At the other end of the spectrum, consider the curve that defines the worst possible intrusion detection system. The ROC curve for the worst case scenario is the y = x line shown in Figure 1. Assume a system that randomly assigns a value between zero and one for every session. Starting from a threshold of zero, we derive the (1,1) point because all sessions would be classified as intrusions. As the session threshold increases, the likelihood of both correctly classifying an intrusion and incorrectly classifying a non-intrusion decrease at the same rate until the session threshold is 1 (corresponding to the point (0,0)).
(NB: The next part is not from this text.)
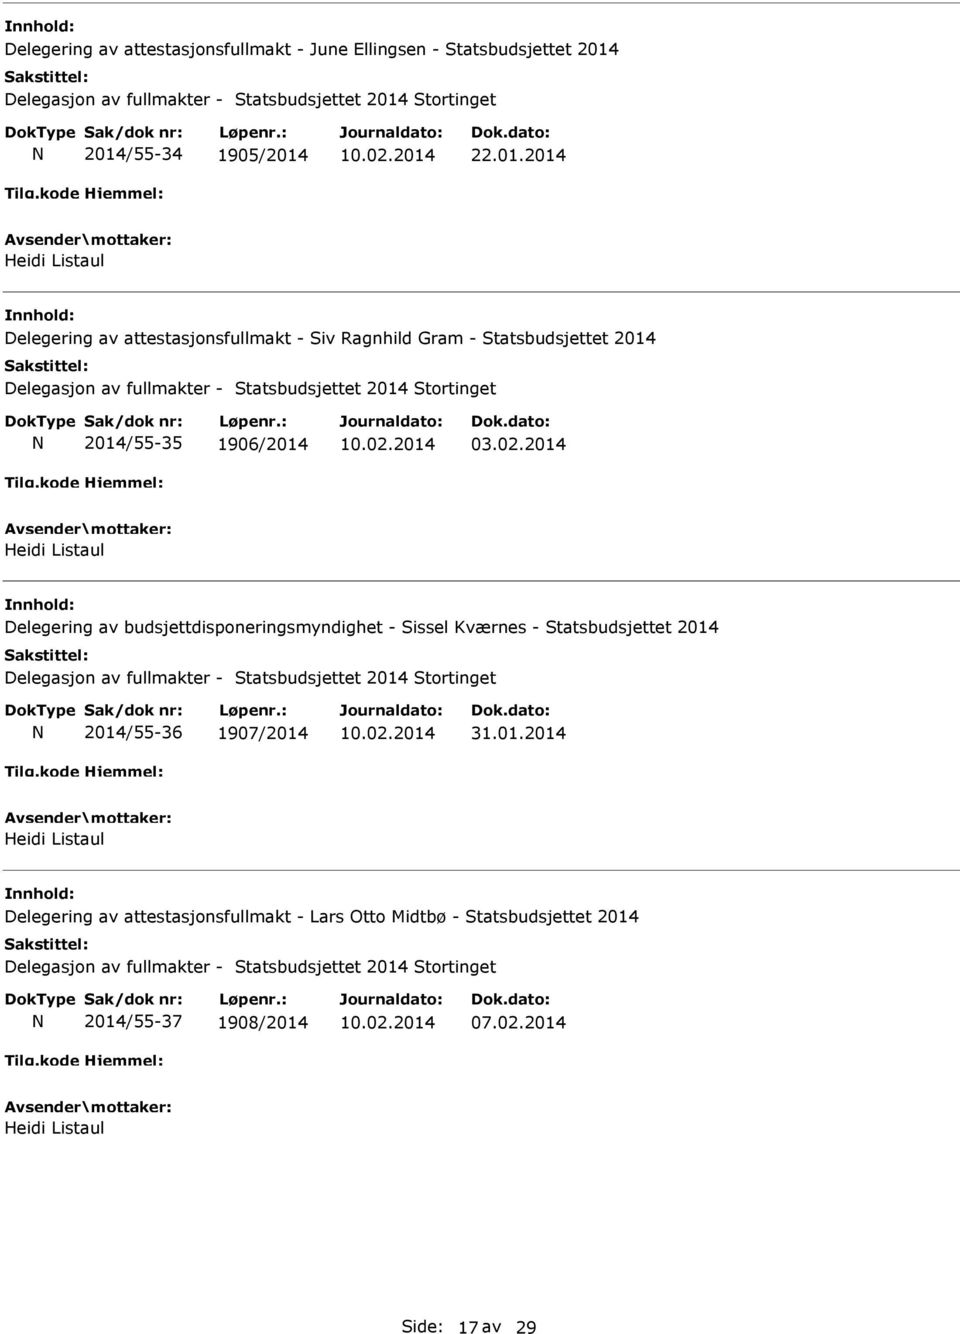 02.2014 Delegering av budsjettdisponeringsmyndighet - Sissel Kværnes - Statsbudsjettet 2014 2014/55-36

The power of this system is 50%, corresponding to the area under this curve of 0.5. If an intrusion detection system were to perform even worse than this curve, one would simply invert each classification to do better. Therefore, the y = x plot represents the benchmark by which all intrusion detection systems should do better.

The results in Figure 1 for the equality matching algorithm represent an optimal tuning of the window (or frame) size to 20 and an N-gram size to six. These parameter values were found to be optimal through experimental analysis. The y = x curve is shown as the benchmark for the worst case scenario. The equality matching method was able to detect 68.2% of all intrusions with a false positive rate of 1.4%. Higher detection rates could be achieved at the expense of more false positives. At a detection rate of 86.4%, the false positive rate rose to 4.3%. Similar curves are generated and compared for the two other intrusion detection approaches.
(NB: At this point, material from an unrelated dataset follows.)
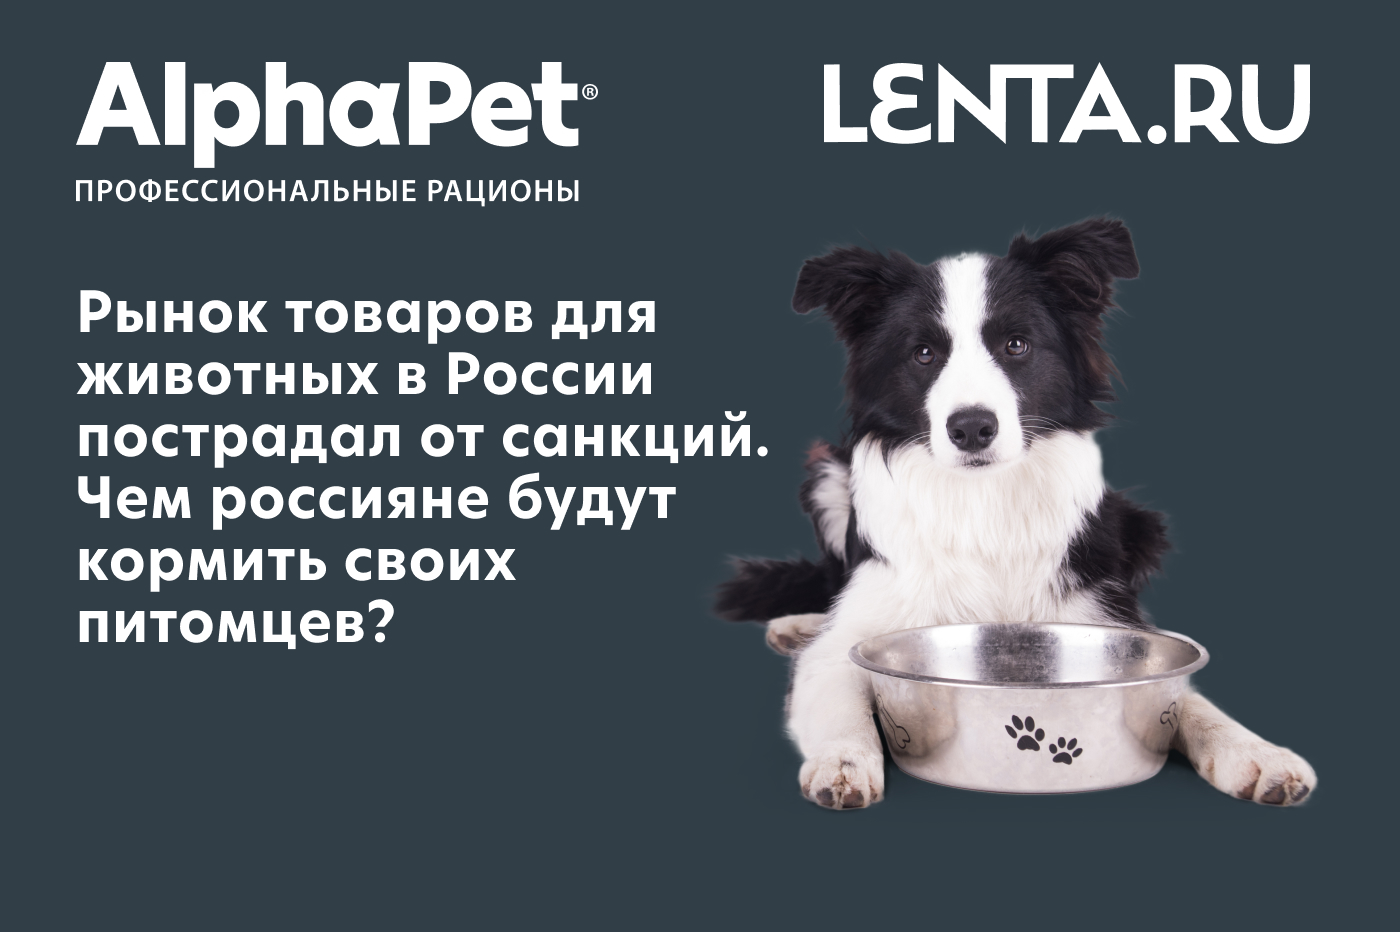 Рынок товаров для животных в России пострадал от санкций. Чем россияне будут кормить своих питомцев?

4 The Backpropagation Network

The goal in using neural networks for intrusion detection is to be able to generalize from incomplete data and to be able to classify online data as being normal or anomalous. Applying machine learning to intrusion detection has been developed elsewhere as well [4,1,13]. Lane and Brodley's work uses machine learning to distinguish between normal and anomalous behavior. However, their work is different from ours in that they build user profiles based on sequences of each individual's normal user commands and attempt to detect intruders based on deviations from the established user profile. Similarly, Endler's work [4] used neural networks to learn the behavior of users based on BSM events recorded from user actions. Rather than building profiles on a per-user basis, our work builds profiles of software behavior and attempts to distinguish between normal software behavior and malicious software behavior. The advantages of our approach are that vagaries of individual behavior are abstracted because program behavior rather than individual usage is studied. This can be of benefit for defeating a user who slowly changes his or her behavior to foil a user profiling system. It can also protect the privacy interests of users from a surveillance system that monitors a user's every move.

The goal in using artificial neural networks (ANNs) for intrusion detection is to be able to generalize from incomplete data and to be able to classify online data as being normal or intrusive. An artificial neural network is composed of simple processing units, or nodes, and connections between them. The connection between any two units has some weight, which is used to determine how much one unit will affect the other. A subset of the units of the network acts as input nodes, and another subset acts as output nodes. By assigning a value, or activation, to each input node, and allowing the activations to propagate through the network, a neural network performs a functional mapping from one set of values (assigned to the input nodes) to another set of values (retrieved from the output nodes). The mapping itself is stored in the weights of the network.

In this work, a classical feed-forward multi-layer perceptron network was implemented: a backpropagation neural network. The backpropagation network has been used successfully in other intrusion detection studies [7,1]. The backpropagation network, or backprop, is a standard feed-forward network. Input is submitted to the network and the activations for each level of neurons are cascaded forward.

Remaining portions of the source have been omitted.